LION: Hold on old chap. I think they’re supposed to be for you.
(Gives Bear the earmuffs, bear puts them on)
BEAR: Hey, this is great! I can’t hear a thing!! Now I can sleep all day while you make
all the noise you like.
ELEPHANT: Ok, we’ll have a good night Bear.
BEAR: What?! You’ve had a good fright!? Oh, goodnight!!
(Bear exits)
JOE: Back to your places guys; let’s give them the best show ever!
(The animals Leave)
BOSS: Zookeeper Jo!
JOE: Good morning Boss!
BOSS: Where did all these people come from?!
JOE: Well they heard all of the animals this morning and decided they wanted to visit
the zoo. Looks like you don’t have to tear it down after all.
13
And that’s how the animals saved the Kid’s Club Zoo. *I saved up enough money to buy
the Zoo off the Boss so that the animals would always have a safe place to live. *As for
the bear, he slept soundly and never complained again.
(*Monkey comes out and drops coins into the well behind Jo and pulls out banana’s, Jo
catches him.)
JOE: Hey! You naughty monkey! The wishing well shouldn’t be used like that. Hand
Over those coins.
(Monkey gives reluctantly gives Jo the last coin)
MONKEY: I’m sorry.
JOE: It’s alright. Now scoot, and get ready for the last song.
(Monkey Leaves)
JOE: Hmmm…. One last coin. Better make it a good wish…. We don’t want any
problems like before…. I know! I wish that from now on, the wishing well only granted
really really really REALLY important wishes.
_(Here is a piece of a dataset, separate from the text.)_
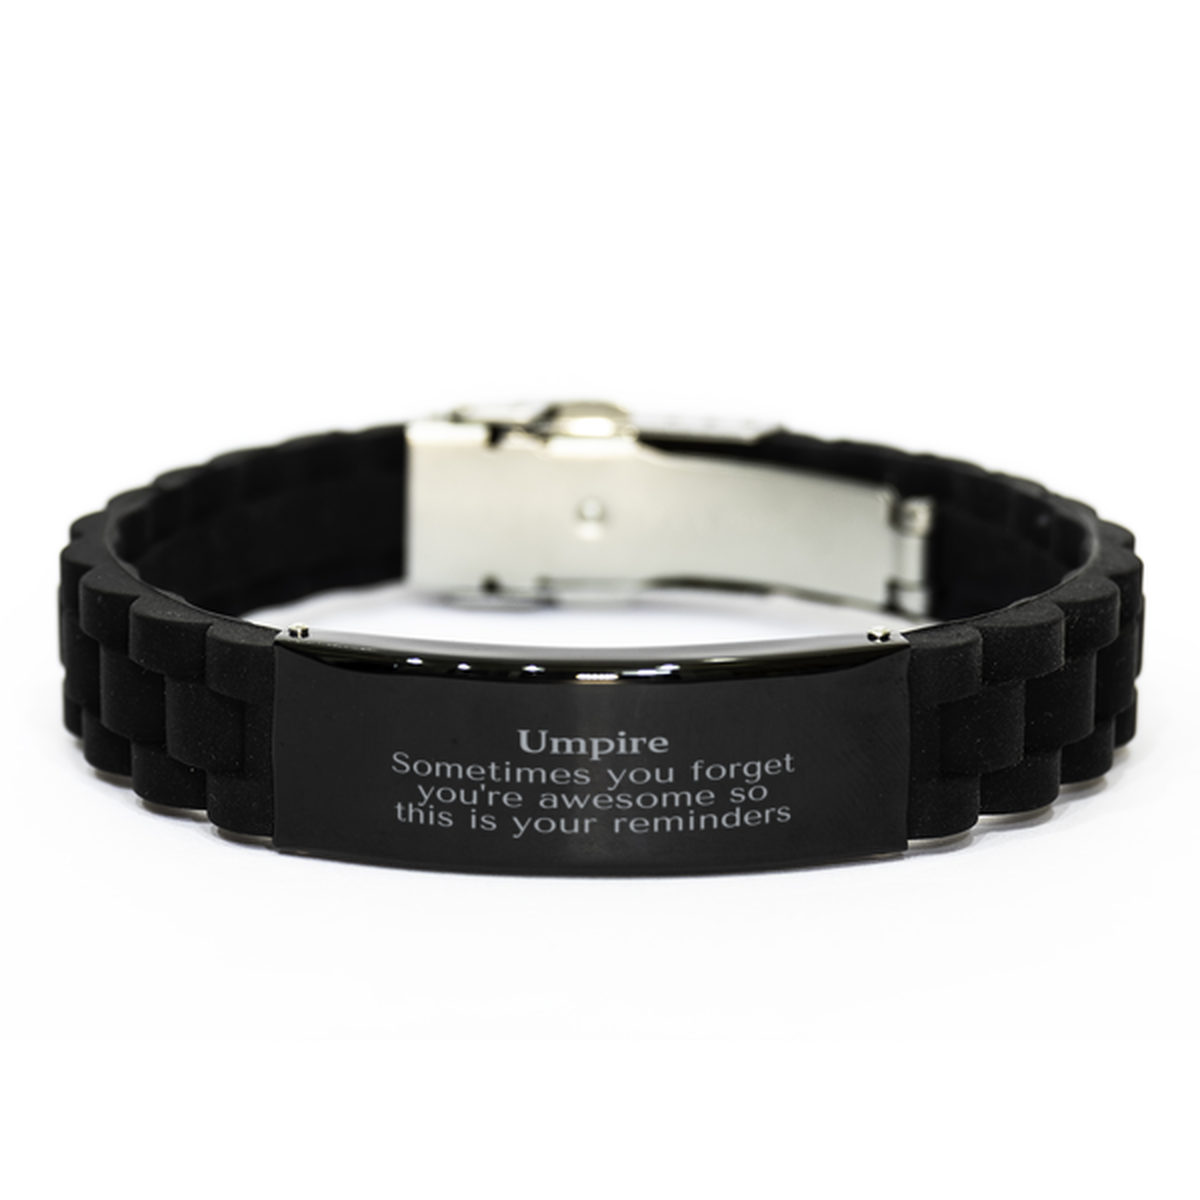 Sentimental Umpire Black Glidelock Clasp Bracelet, Umpire Sometimes you forget you're awesome so this is your reminders, Graduation Christmas Birthday Gifts for Umpire, Men, Women, Coworkers

(Throws the coin into the well.)
JOE: There. That ought to do it! It goes to show, be careful what you wish for ‘cause
you might just get it.
Do you think we have time for one last song!?
(calling back stage)
Come on out and say good bye everyone!
Learn the language
So the ducks gave a party and invited ev’ryone.
‘Cause they wanted all the animals to come and join the fun.
But they had a little problem and it didn’t go as planned.
‘Cause they only spoke in ‘duck’ which no-one else could understand!
And the ducks said, “Quack, quack, quack, quack, quack!”
And then they said, “Quack, quack, quack, quack, quack!”
And at last they said, “Quack, quack, quack, quack,
quack, quack, quack, quack,
quack, quack, quack, quack,
quack, quack quack!”
And all the other animals said, “What?”